Since our analytical approach is based on three SNP haplotypes, we would expect it to perform better in classical inbred strains as opposed to wild-derived strains since the causative SNP is more likely to be represented on the same haplotypes. To investigate if there was a loss of power associated with including wild-derived strains in the in silico analysis, we compared the group of sets that correctly mapped the QTL to the frequency of wild-derived strains in our simulated data. If the inclusion of wild-derived strains had resulted in loss of power, then we would have expected an overrepresentation of wild strains in the random subsets that failed to map the QTL. In our simulated data, we did not see any evidence for a loss of power associated with including the wild strains in the analysis. For example, the average number of wild strains in the 93 groups of 30 strains that successfully mapped the single QTL (SIM1QTL) was 3.7 compared to 3.3 in the seven groups of 30 strains that failed to map the same QTL.

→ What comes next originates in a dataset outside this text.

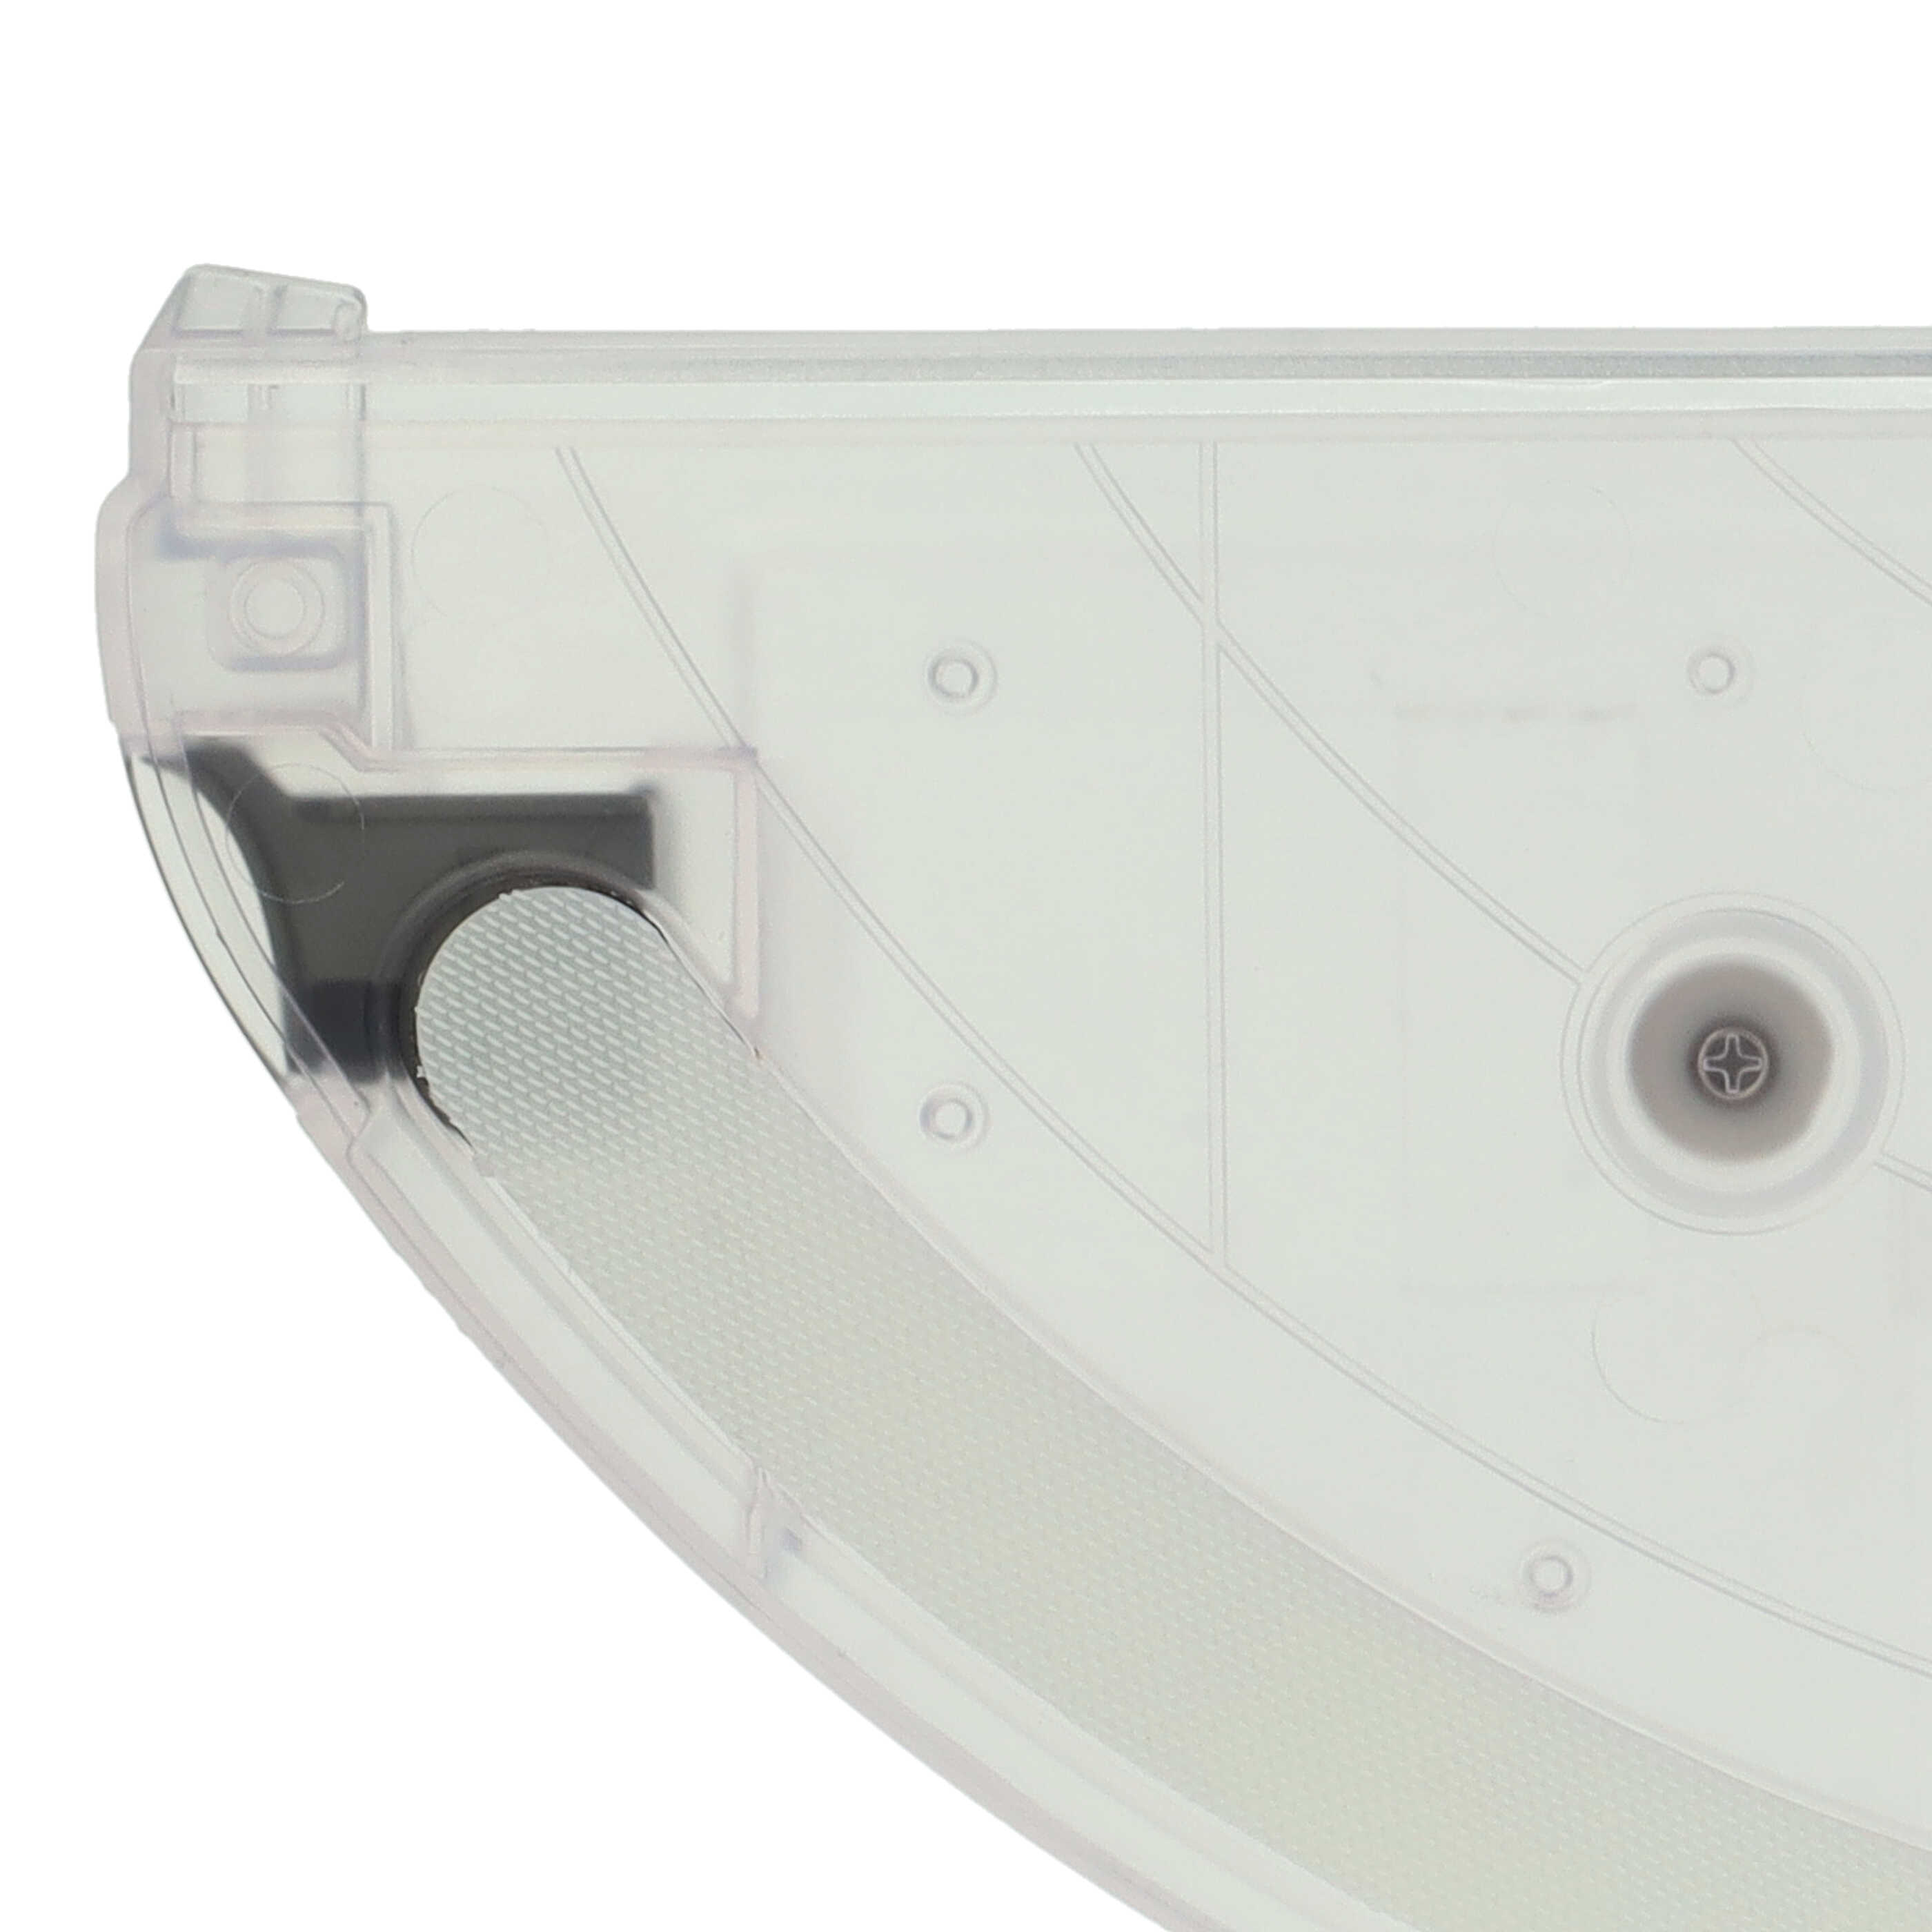 Mop Plate suitable for Roborock S5 Max Robot Vacuum Cleaner - ABS Plastic, transparent / black
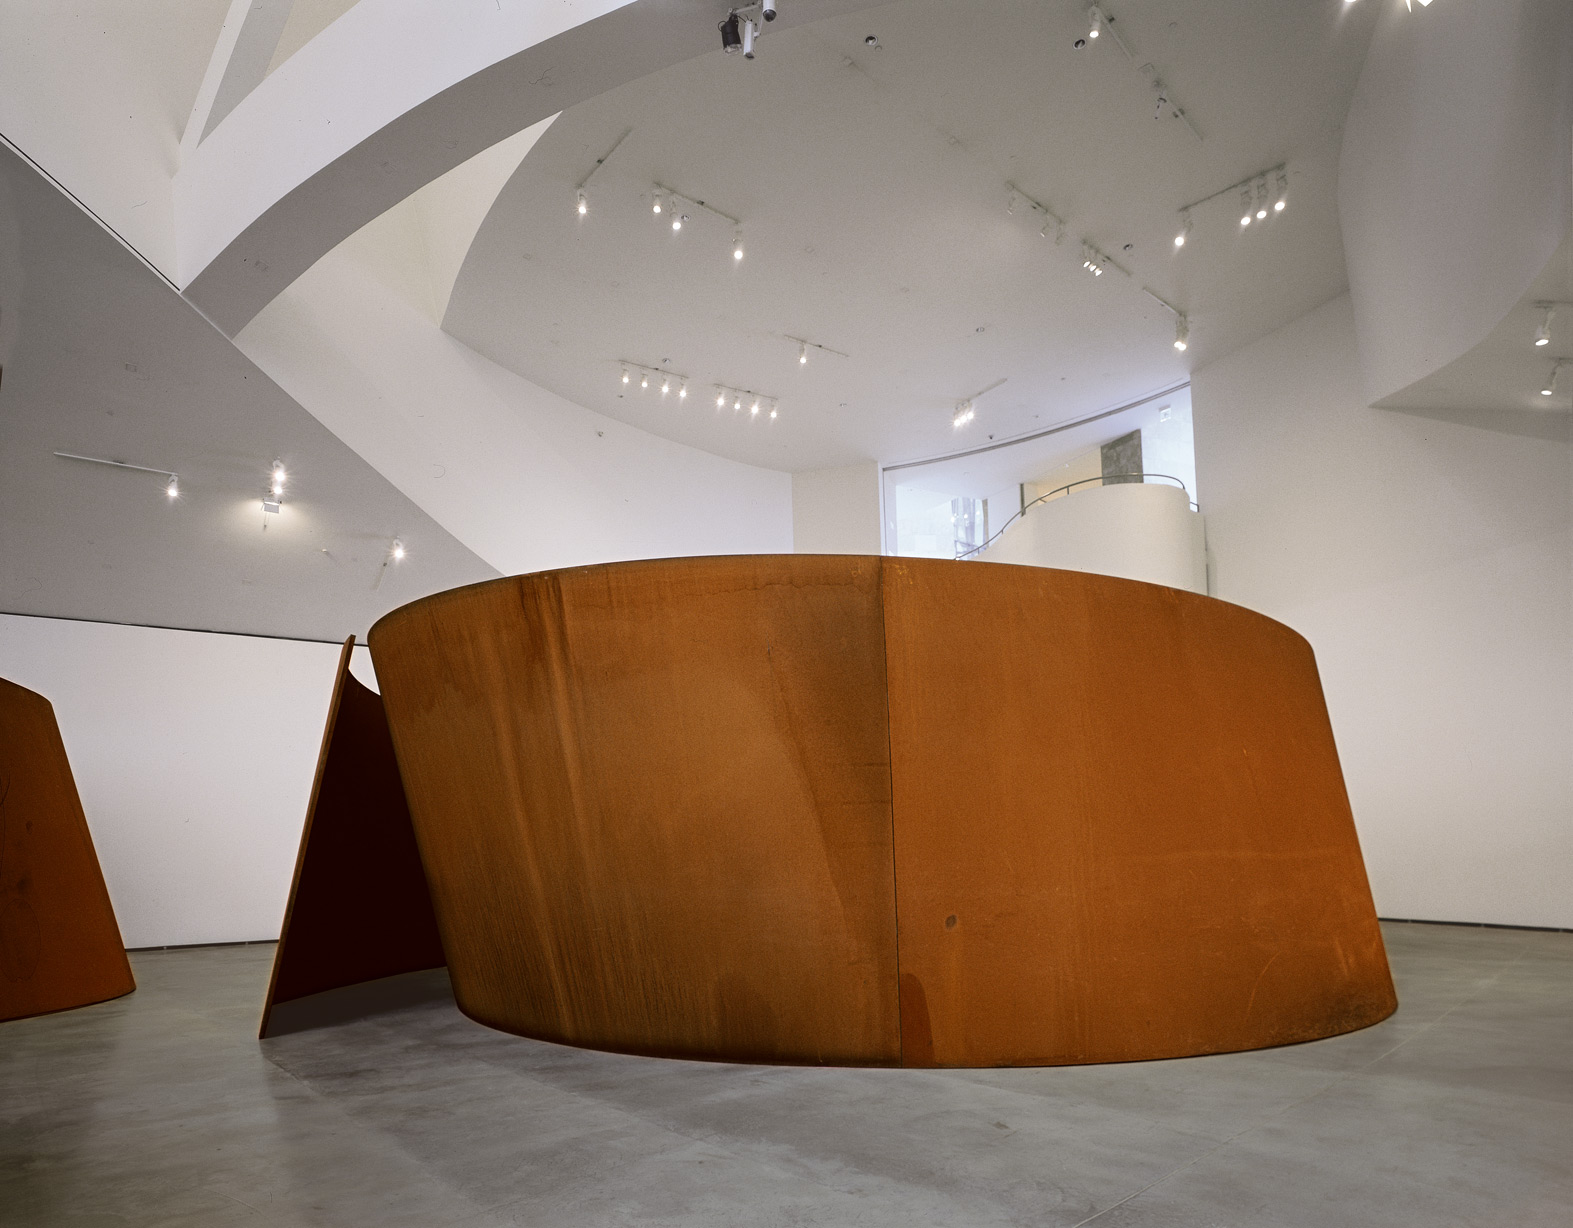 Torsión espiral (cerrada abierta cerrada abierta cerrada) | Richard Serra | Guggenheim Bilbao Museoa

The effect of statistical algorithms:
In in silico analysis, one tests for association between a trait and a genetic marker in a population of inbred strains. Cervino et al. (2005) tested for association between individual SNPs and the trait of interest. Pletcher et al. (2004) and Hillebrandt et al. (2005) used a haplotype defined by a three-SNP window. Here, we have implemented for the first time a cladistic analysis to test for association between a trait and haplotypes of sizes 3 SNPs, 10 SNPs, and of length 100 kb. Given the recent shared history of most of the laboratory mice, applying a cladistic analysis to this type of data is a natural choice. The cladistic analysis is a haplotypic analysis, where the haplotypes get merged into groups in a stepwise fashion (see Figure 4). The cladistic approach will be especially successful when the risk-carrying mutation is fully associated with a single haplotype. Such a situation is most likely to be the case in laboratory mice since they were derived from a limited number of founders. This method has been applied to human populations (Durrant et al. 2004; Durrant and Morris 2005) with increased power when compared to more standard methods, but has never been implemented to study inbred mice. Because laboratory mice are inbred, their haplotypes are known.
To assess the performance of the cladistic analysis, we compared single-marker analysis to the cladistic analysis with windows of sizes 3, 10, and of length 100 kb on four traits: two Mendelian traits and two complex traits with known or strong candidates. We report the results for the 140K maps, since we would assume that most scientists would use the denser map; results for the 20K map are available from the authors upon request.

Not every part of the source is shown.